┌──
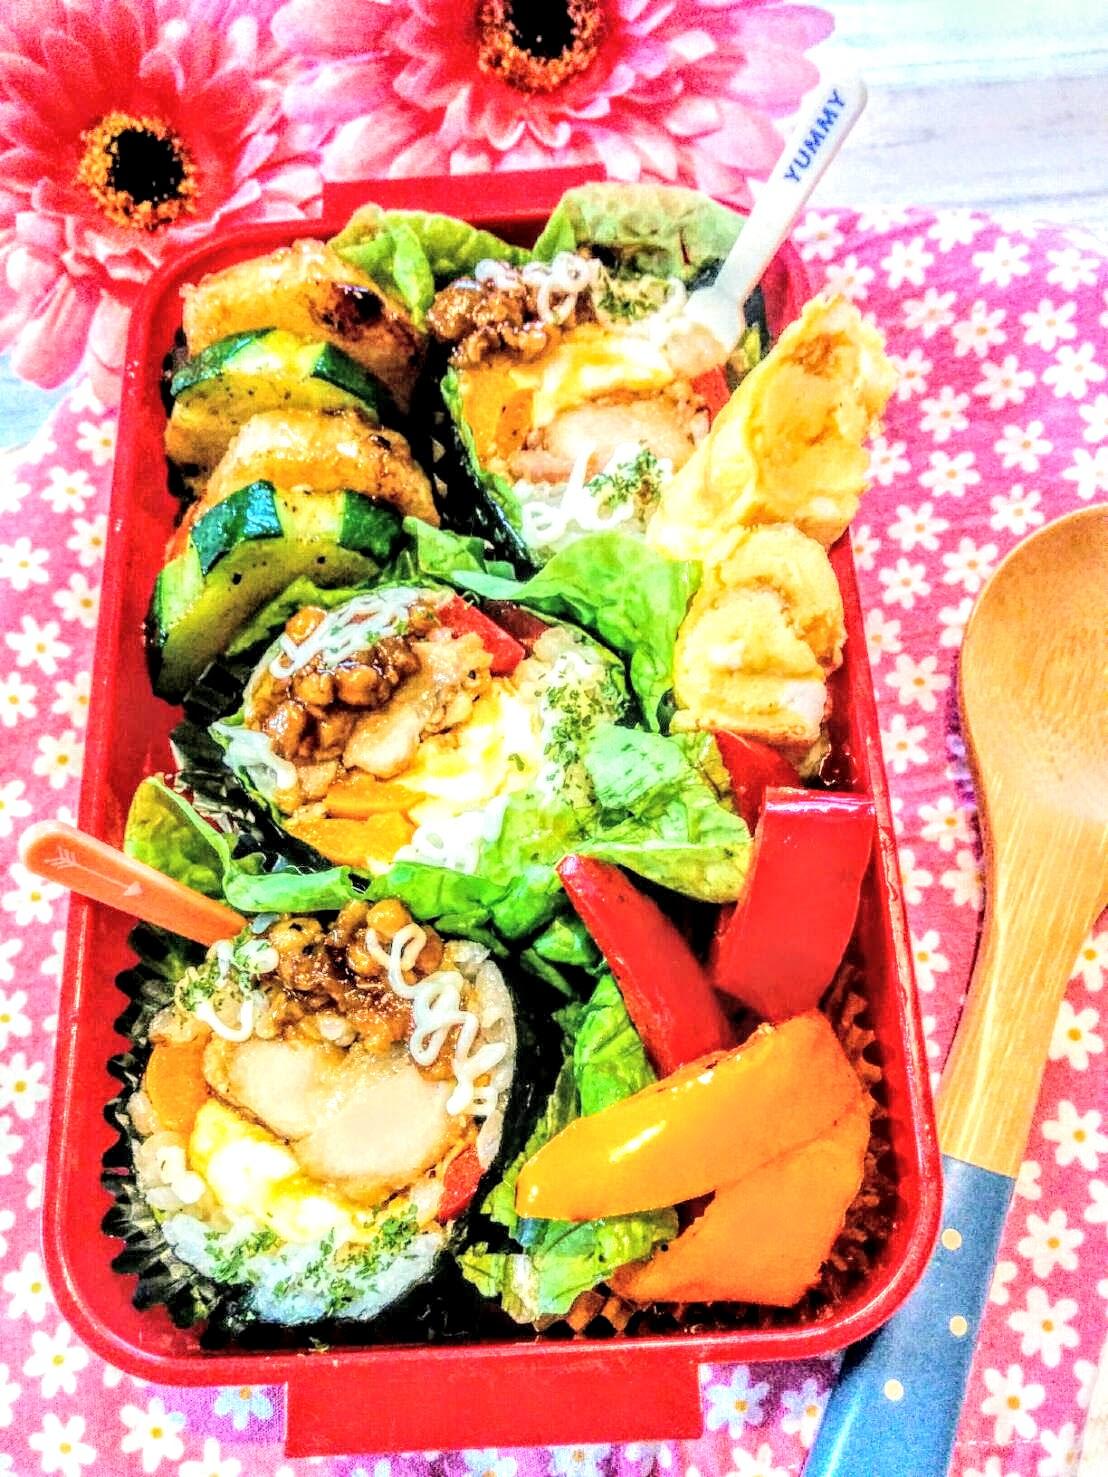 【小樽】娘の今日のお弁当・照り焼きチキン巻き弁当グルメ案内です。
└──
┌──
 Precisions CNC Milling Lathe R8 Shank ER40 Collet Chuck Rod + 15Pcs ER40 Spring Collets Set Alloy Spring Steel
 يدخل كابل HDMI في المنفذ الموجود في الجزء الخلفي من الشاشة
└──
# AIM OF THE EXERCISE:
Write out exactly the lines above from the line with "Precisions CNC Milling" through the line with "يدخل كابل HDMI", both of them included, and leave out all other lines.

# RESPONSE TO THE EXERCISE:
 Precisions CNC Milling Lathe R8 Shank ER40 Collet Chuck Rod + 15Pcs ER40 Spring Collets Set Alloy Spring Steel
 يدخل كابل HDMI في المنفذ الموجود في الجزء الخلفي من الشاشة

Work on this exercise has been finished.